Data Analysis

Para la versión en español, de click aqui.

I recently completed the Google Data Analytics Professional Certificate offered on Coursera. This certificate program taught me about the six stages of the data analysis process: ask, prepare, process, analyze, share, and act. I also learned how to use technical tools such as spreadsheets, SQL, Tableau, and R.

To complete the course, Google recommends that each student create their own Capstone Project. This project allows students to highlight the technical skills they learned during the course and to showcase their understanding of each step of the data analysis process.

I chose to focus my Capstone Project on Email A/B Testing. I used the skills I learned in the course to collect data, clean it, analyze it, and create visualizations. I also shared my findings with others and discussed the implications of my results.

I am proud of the work I did on my Capstone Project.

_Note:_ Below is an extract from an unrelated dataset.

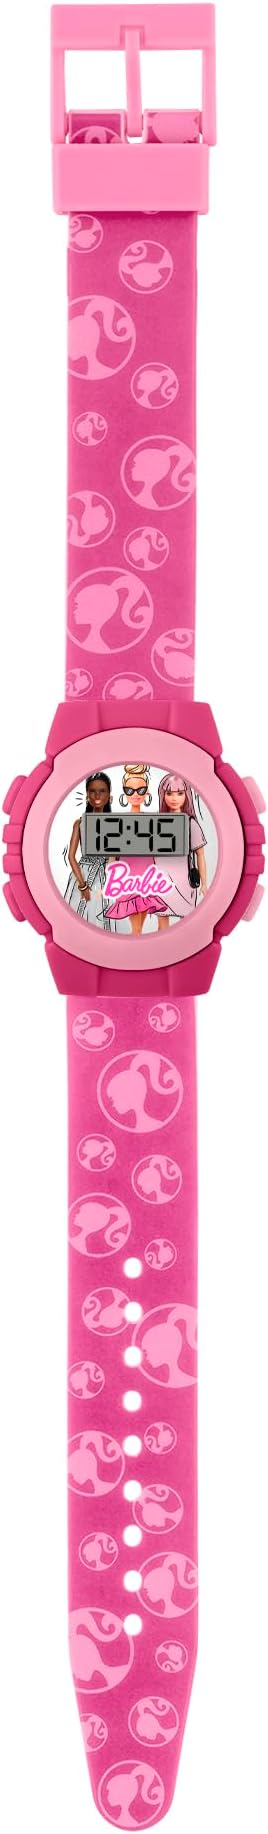 Peers Hardy - Barbie Pink Digital Watch

I believe that it demonstrates my ability to use data analytics to solve real-world problems. I am also confident that the skills I learned in this course will be valuable in my future career.


A/B testing, also known as split testing, is a method of comparing two versions of a marketing asset to see which one performs better. This can be a great way to determine what works and what doesn’t for your specific audience, and it can help you improve your marketing results.

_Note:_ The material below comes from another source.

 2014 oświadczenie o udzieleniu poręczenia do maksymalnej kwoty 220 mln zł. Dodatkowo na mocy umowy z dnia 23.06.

To perform A/B testing, we would first need to create two versions of the same marketing asset. In the case of this dataset, we have two email versions, which are then served to a randomly assigned audience. This ensures that the results of the test are accurate and not skewed by any other factors.

Thanks to Gigasheet’s data and information on A/B Testing we will be able to look at this dataset, looking to analyze both groups, find out which email is more successful, and what it is that drives better conversion and engagement.

TitleMarketing Email A/B Testing
Industry FocusMarketing
Problem StatementWhich of the emails will bring a better click-through rate
Business use case (what are you solving for?)Identifying the best options to drive conversion and engagement.
Goals / MetricsIdentify factors that are most effective at driving conversions and engagement.
Discover the type of content that resonates with your target audience.
Learn which version is highly likely to avoid the spam filter.
DeliverablesGraphics that prove the usefulness of the test and recommendations
Are datasets available?Yes
Dataset listAnalyzing A/B Testing Email Marketing Data
Websites to scrape the data neededhttps://www.gigasheet.com/post/a-b-testing-email-marketing-data-analysis

The questions that we will try to answer and present as graphics in this case study are:

  • What is the open rate for each version?
  • What is the click-through rate for each version?
  • What is the unsubscription rate for each version?

The data was taken from Gigasheet’s data and information on the A/B Testing dataset. Per the article’s author, Ankit Vora, “Your marketing automation tool isn’t likely the best tool for data exploration and analysis. Therefore, you are going to want to export the data, and use a friendly spreadsheet format for analysis.” If the dataset can no longer be found, I have taken the liberty to download and keep it here, cleaned up, as it had identifying information.

Data Dictionary:

  • Opened (Yes or No) – To understand the open rate of each version.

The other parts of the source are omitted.